• [Supplied records]:
::::::::

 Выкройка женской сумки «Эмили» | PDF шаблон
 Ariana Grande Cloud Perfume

::::::::

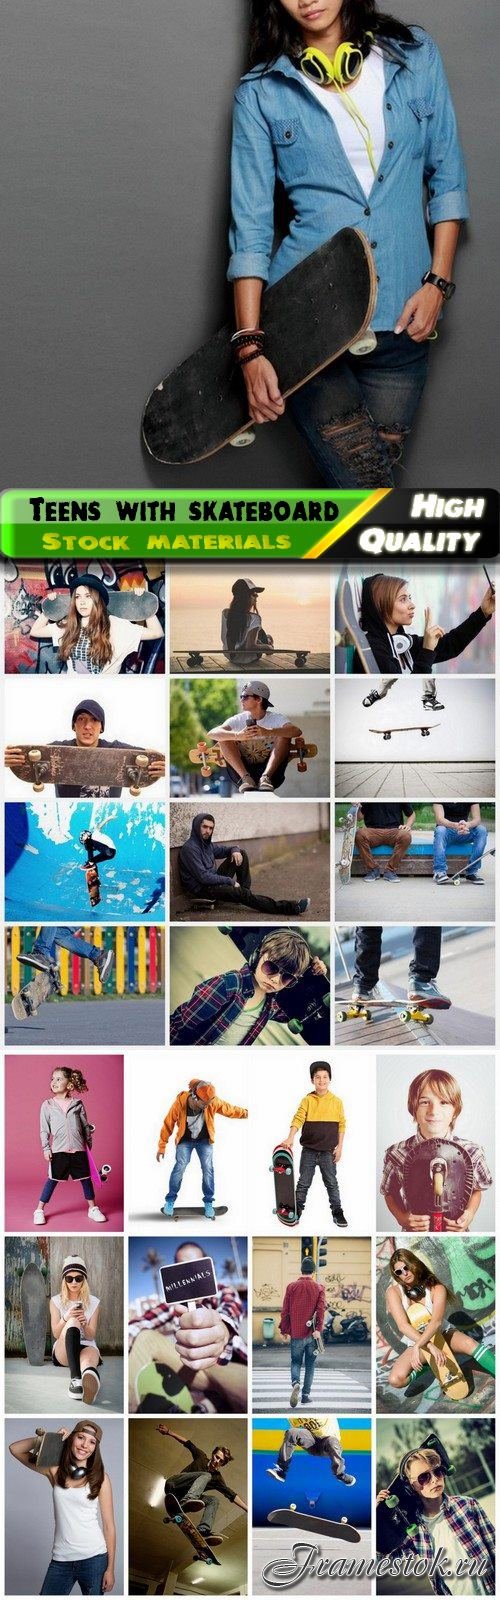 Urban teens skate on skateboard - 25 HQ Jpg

::::::::

Above are the entries. Quote exactly the lines from the one bearing "Выкройка женской сумки" through the one bearing "Ariana Grande Cloud Perfume".

• [Result for this exercise]:
 Выкройка женской сумки «Эмили» | PDF шаблон
 Ariana Grande Cloud Perfume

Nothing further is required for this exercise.